Even with the National weather center at the airport they said we got under 2 inches but I live a mile away and had 6 inches in my driveway .And how they say snow will stay south of us and we get another 6 inches.


----------



## woodsman (Nov 18, 2008)

I am down in Franklinville Ny and we have already this season 174.5" of snow. The old K5 blazer is getting a good work out.


----------



## lunatic81 (Sep 24, 2008)

motorbreath;721062 said:


> Same thing here in West Michigan, they said we were suppose to get 3-5 yesterday, got 12 at my house and 15 just a few miles north.


I'd feel real bad for ya, but we've yet see 2" here let alone 12. I wish our forecasters were off like that.
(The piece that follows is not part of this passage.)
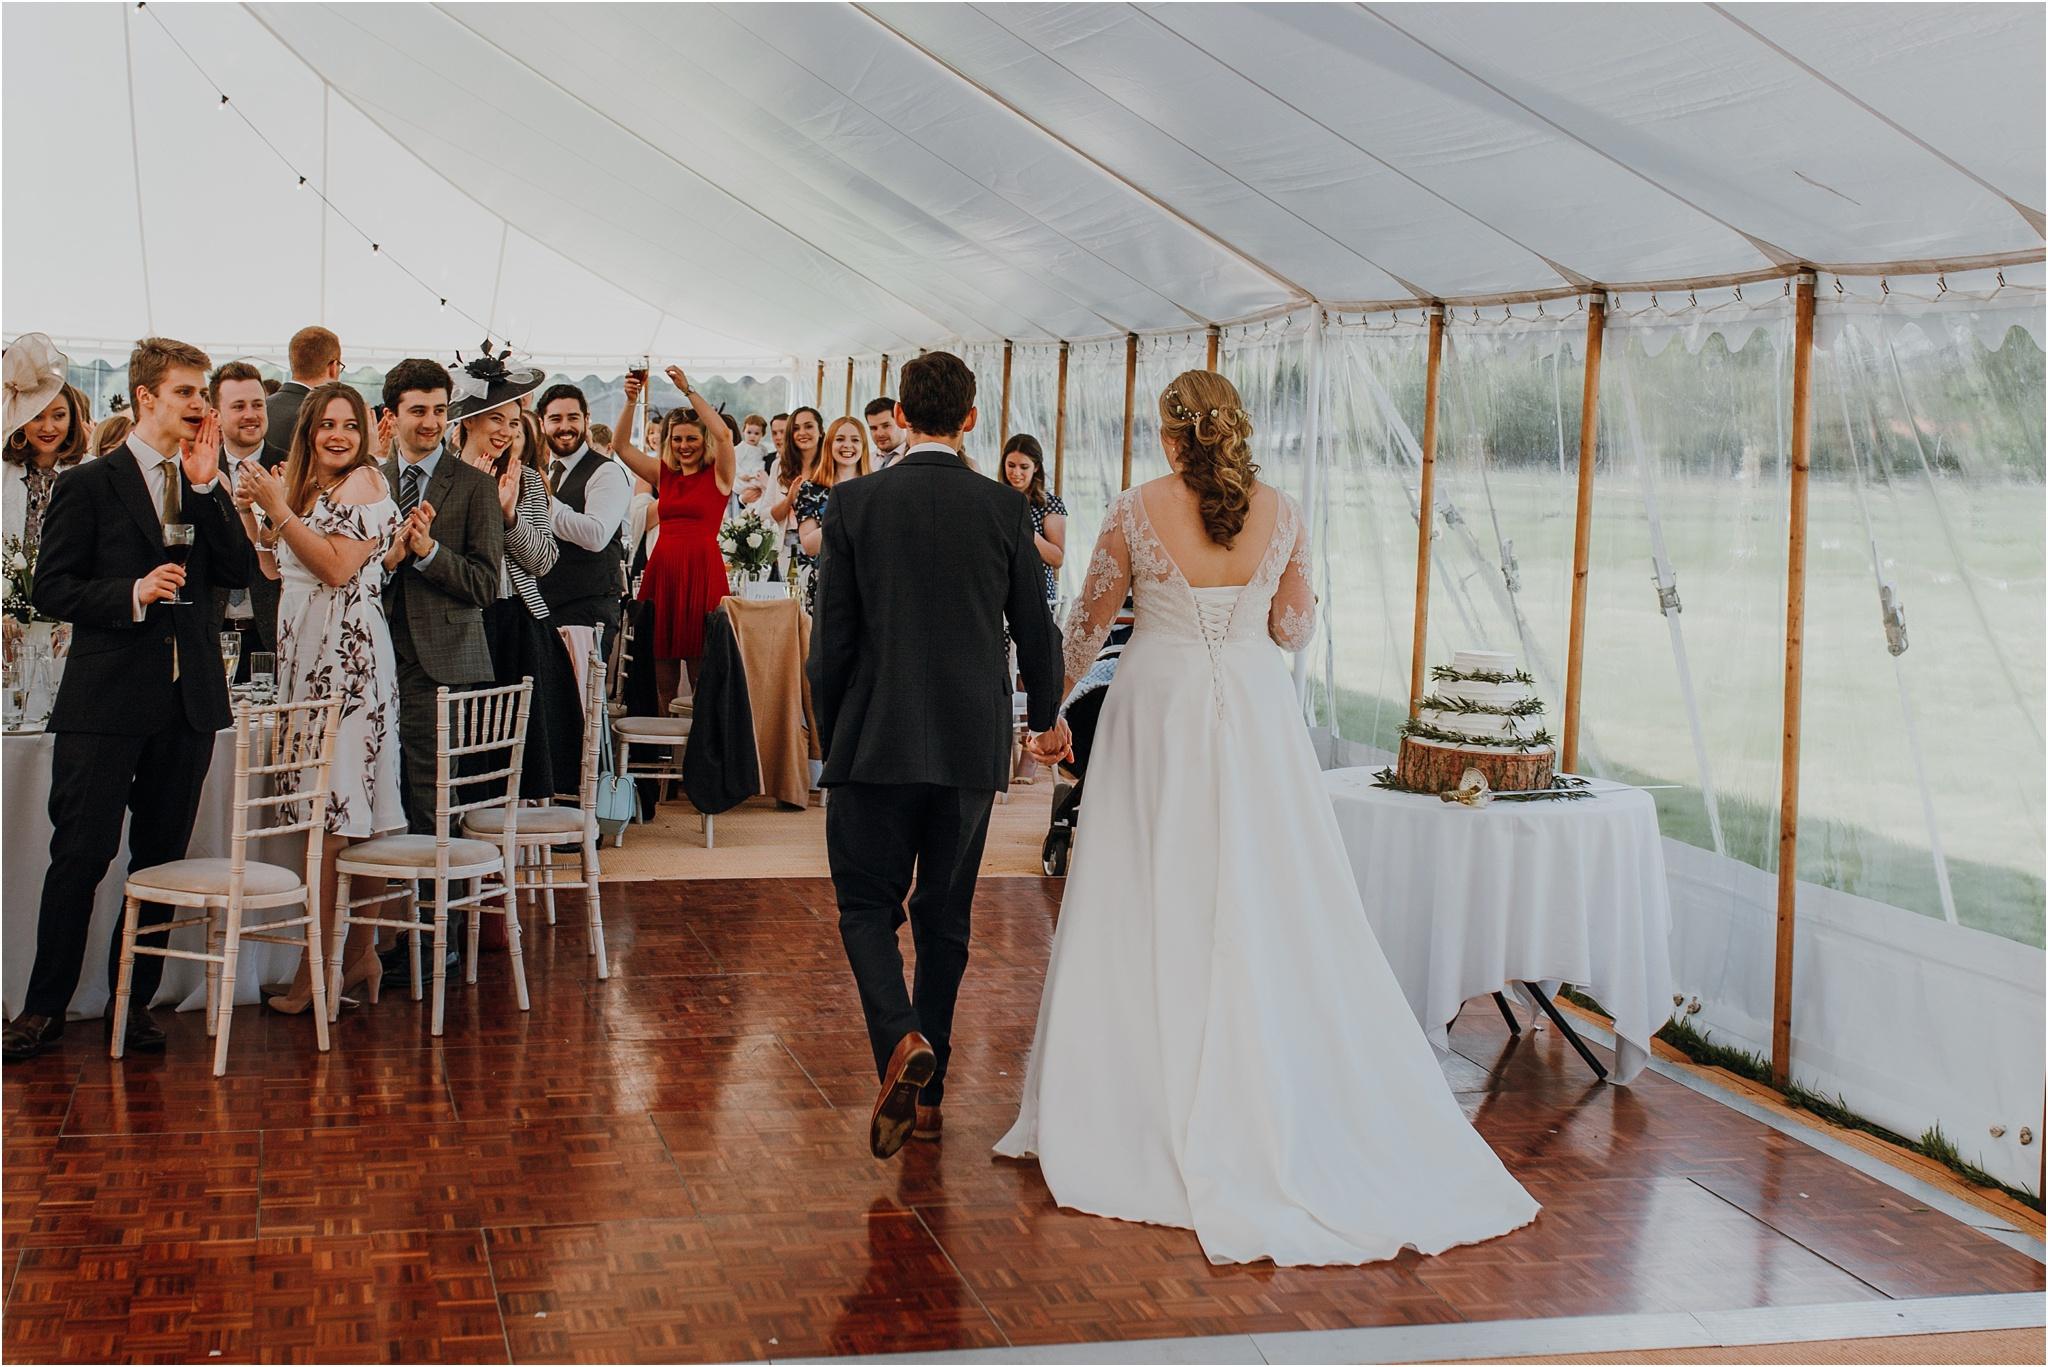 Outdoor-country-wedding-Edinburgh-photographer__0120.jpg

Ours say 1-3 and we get a dusting. Probably trying to get that salt moved.


----------



## CityGuy (Dec 19, 2008)

redtjx;719599 said:


> Meteorologists in Buffalo cannot forecast the weather to save their lives! heres this week in review:
> 
> Monday: called for 3-5....we got a dusting
> Tuesday: called for <1......ended up being a plowable event that caught me off guard
> ...


It's not just NY that they have this problem. Mlps has same problem 4 stations 4 differnt forcasts and not a single one is right.


----------



## sven1277 (Jan 15, 2008)

I listen to all 4 local networks and the weather channel and just pick the one I like the best. The always seem to be different, but they sure hype it up when they're right.


----------